Lucky I bump into this blogpost of yours. We are just looking for a solution to replace the time based refresh to event based triggers. I’m thinking of using system manager (mstr) to play the role of the trigger service as you call it. Have u any experience with it?
I have not used it for more than a POC, but System Manager is just a bulk operation tool and I don’t believe it would be used in this context. You’d still need some way for your ETL to tell your Cube to refresh, so you’d either just call Command Manager directly, or you’d use some kind of central monitoring system like the one I’ve outlined above.
Not sure how much overhead will be for the server for this continous polling process but we have Control-M setup for this job, where ETL job completion triggers BI jobs. We have this setup for “Cache clear” , “Cube Refresh” etc. However emailing facility was easy to establish since 921, but with System Manager in MSTR that too become available.

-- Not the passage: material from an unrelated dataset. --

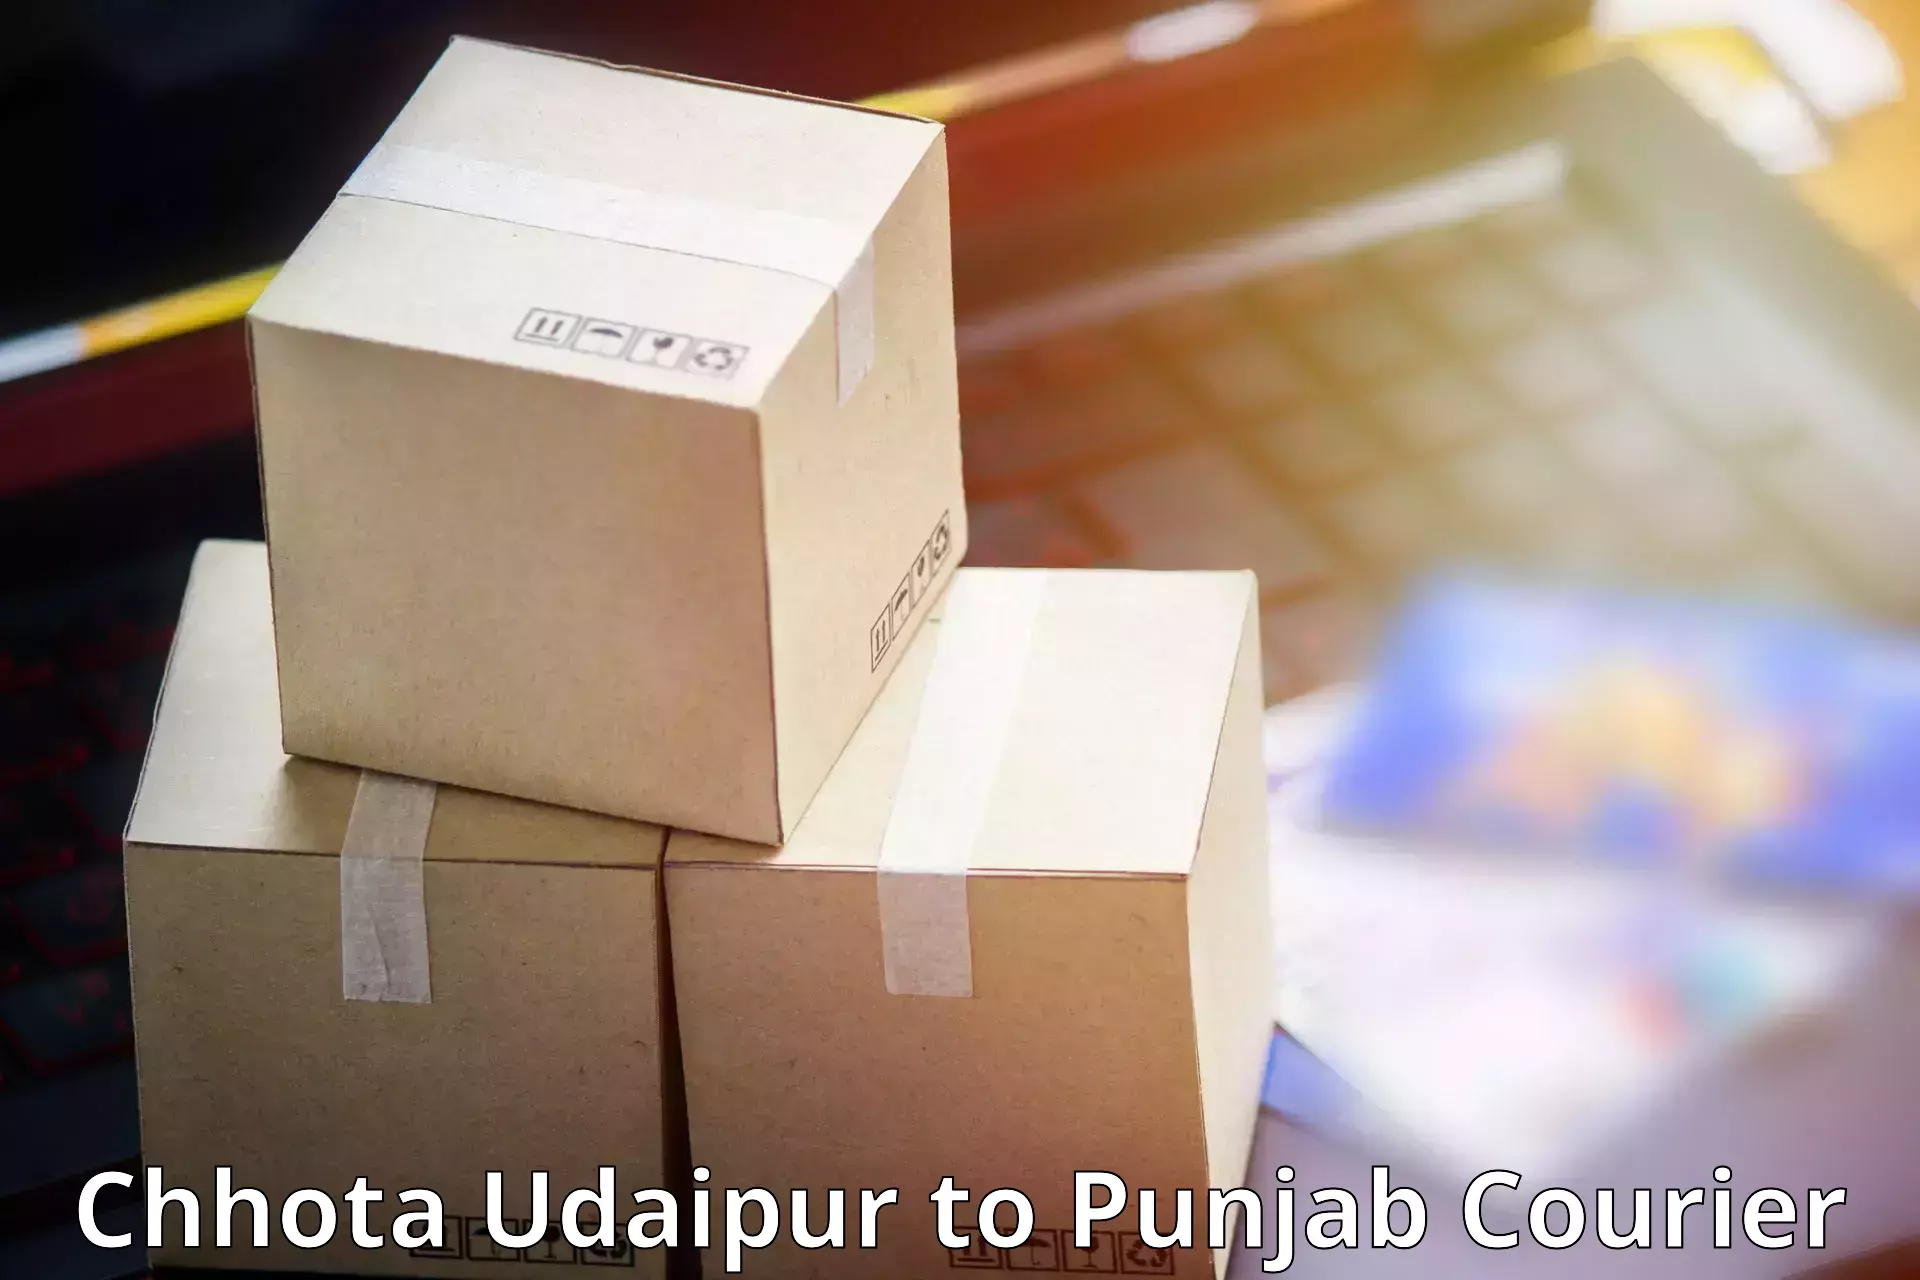 Flexible delivery schedules Chhota Udaipur to Ajnala

However your method will definitly save additional S/w costs. Thank you Brian for sharing this. write up was wonderful as always.
Sounds quite good,
do you have any of these scripts open sourced? Not only Trigger, but also things related to the format of Tableau workbooks files.
Would be quite useful for community.
I actually rewrote this system recently and I think the code is pretty clean, accessible and presentable now that I could share it. I’ll look into updating this post when I can.
I did work with some others on some scripts to chop up the Tableau workbook files and we had some demos that we showed at the Tableau Conference, but we never followed through with productionalizing any of it. We kind of went a different direction from all of the Tableau hacking and mostly lost interest in those kinds of projects. It was pretty straight forward though, just working with XML, and we didn’t find anything too complicated in there that we couldn’t reverse engineer from just looking at it or doing a diff after saving a change.
Brian.
We use Tivoli to run our ETL and the final job triggers a .bat file on our server to trigger MicroStrategy events to build cubes. The trick is when to trigger subscriptions once the cubes are completed. I created a cube monitor that leverages the iServer SDK to check statuses for one or multiple cubes. Once they are finished loading, the subscription event is triggered.
Hi Rich, in order to trigger the subscriptions after the cubes are refreshed, you could use MicroStrategy System Manager which you aren’t already aware is basically a workflow definition system. You could write command manager scripts to trigger the events that you want and arrange them so that the subscriptions are triggered only when the cube refreshes are successful. Am I missing something? Having said that, I would love to hear more about the cube monitor that you have built.
Brian, have you ever build a trigger when the Tableau extract finished by triggering the subscription schedule to send out the email to users that report data was refreshed on server.